We think it is conceivable that, in theory, the conduct of parties relating to a plea bargain could constitute good cause for delay under § 29-1207(4)(f). But we are precluded from reaching this issue in the case before us by the absence of findings by the district court. "`[I]f a trial court relies on § 29-1207(4)(f) in excluding a period of delay from the 6-month computation, a general finding of "good cause" will not suffice and the trial court must make specific findings as to the good cause or causes which resulted in the extensions of time.'" State v. Murphy, 255 Neb. at 804, 587. N.W.2d at 389, quoting State v. Kinstler, 207 Neb. 386, 299 N.W.2d 182 (1980). See, also, State v. Alvarez, 189 Neb. 281, 202 N.W.2d 604 (1972).

In the instant case, the district court made certain findings of historic fact, but the court did not make any finding regarding the causal connection, if any, between the plea bargain and any delay in the subsequent proceedings. Indeed, the court's findings did not identify a specific delay, but simply excluded certain broad periods of time, parts of which were irrelevant to the speedy trial calculation or already excluded under § 29-1207(4)(a). When a trial court's findings are incomplete, an appellate court must remand the cause for further consideration. State v. Murphy, 255 Neb. 797, 587 N.W.2d 384 (1998).
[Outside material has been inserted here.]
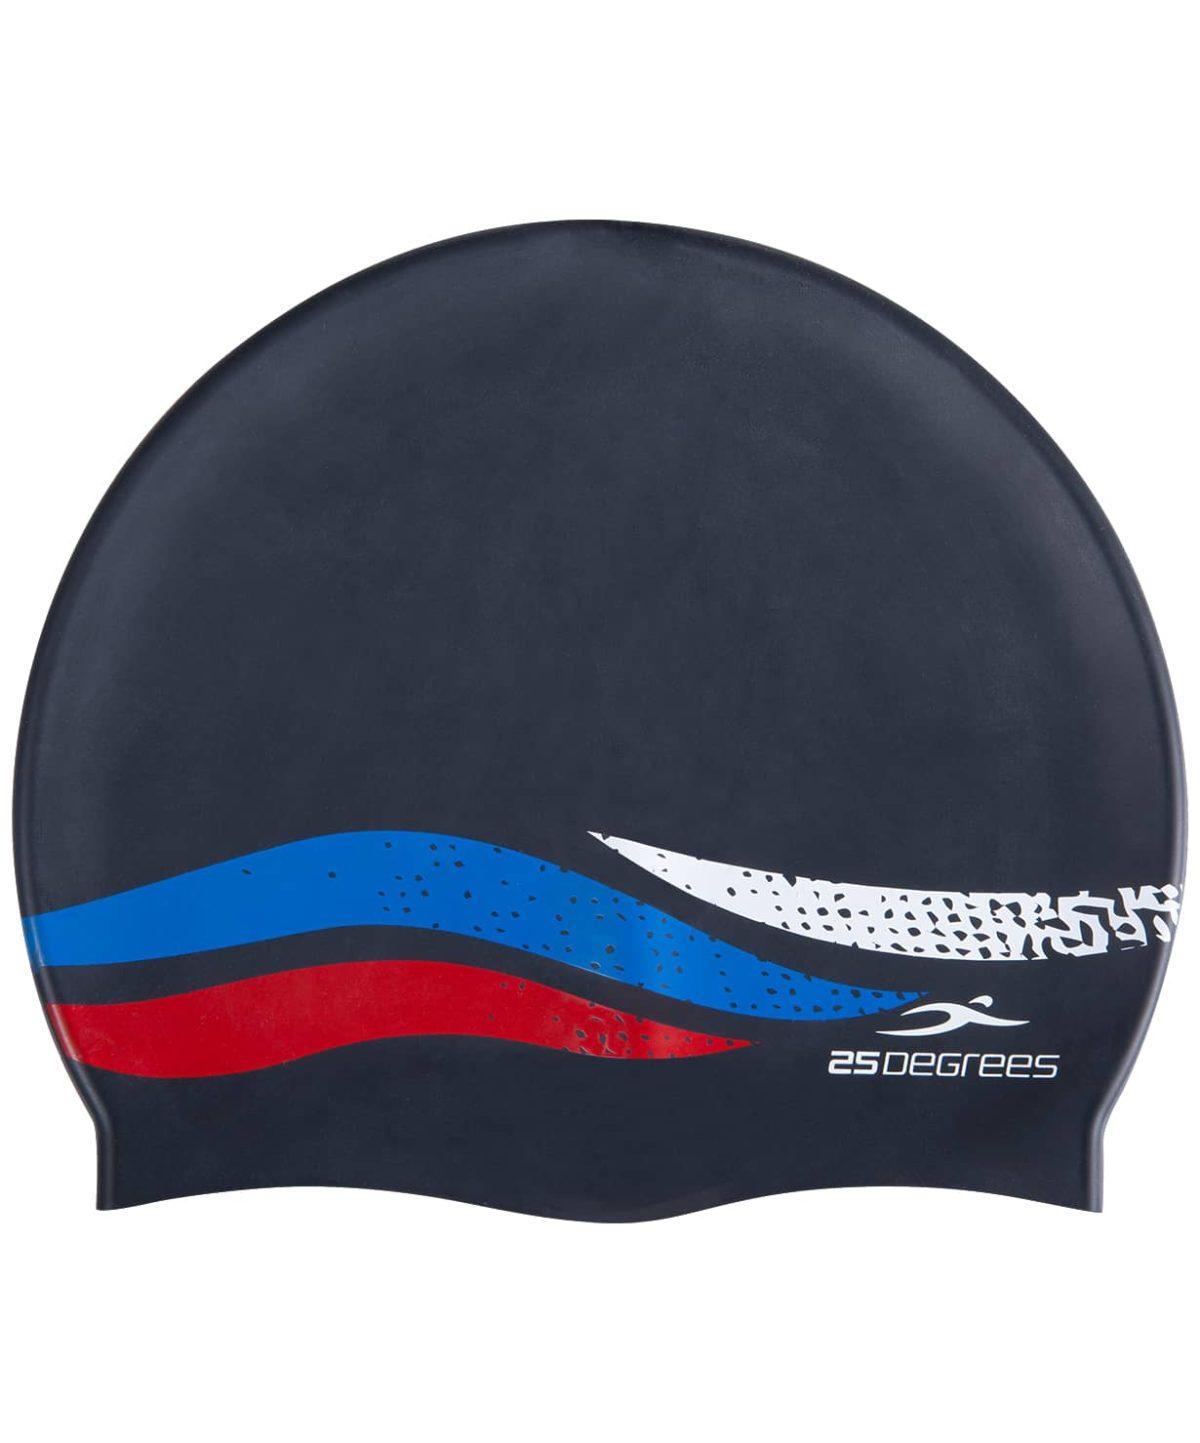 25DEGREES Шапочка для плавания Russia JR, подростк. силикон  25D21005J: чёрный - 2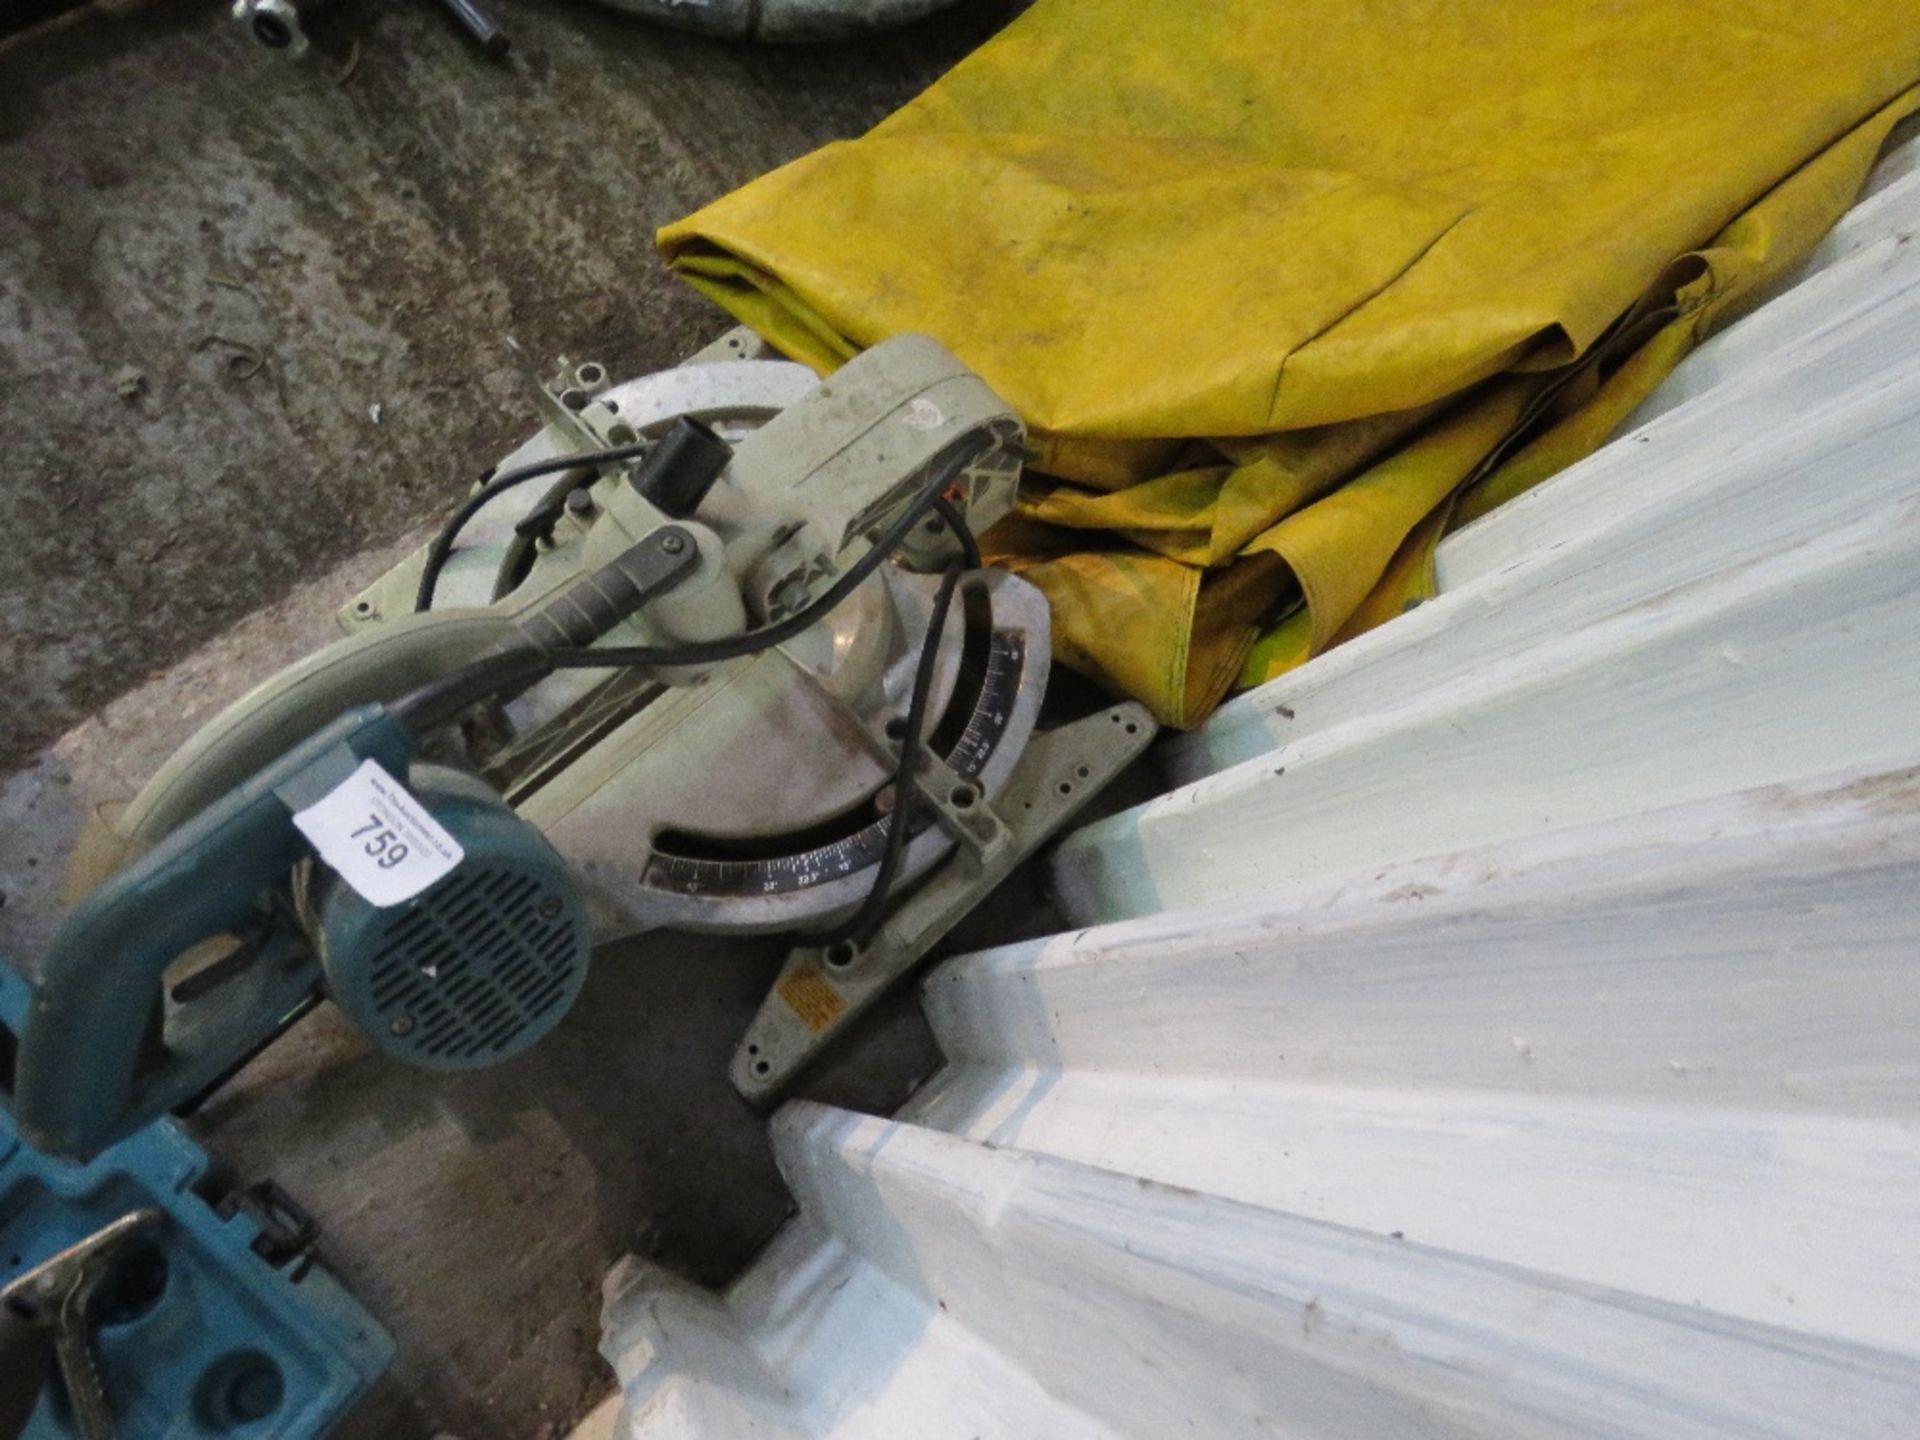 Lot 759 - Makita 110v mitre saw

Constitutional Right to Speedy Trial.

Vasquez also argues that his constitutional right to a speedy trial was violation. *508 An appellate court is not obligated to engage in an analysis that is not needed to adjudicate the controversy before it. State v. Sommer, 273 Neb. 587, 731 N.W.2d 566 (2007). Therefore, we do not address this issue.

CONCLUSION

We conclude that the district court erred in excluding any time periods relating to the plea bargain under § 29-1207(4)(a). Even if such periods may be excluded under § 29-1207(4)(f), the district court made no findings in that regard. Accordingly, we reverse, and remand with directions to the district court to determine whether, based on the existing record, the State proved by a preponderance of the evidence that the time from the filing of the first information to the entry of the plea of not guilty or the time from the entry of the plea to the filing of the motion to suppress, or both, is excludable for good cause, supported by specific findings.

REVERSED AND REMANDED WITH DIRECTIONS.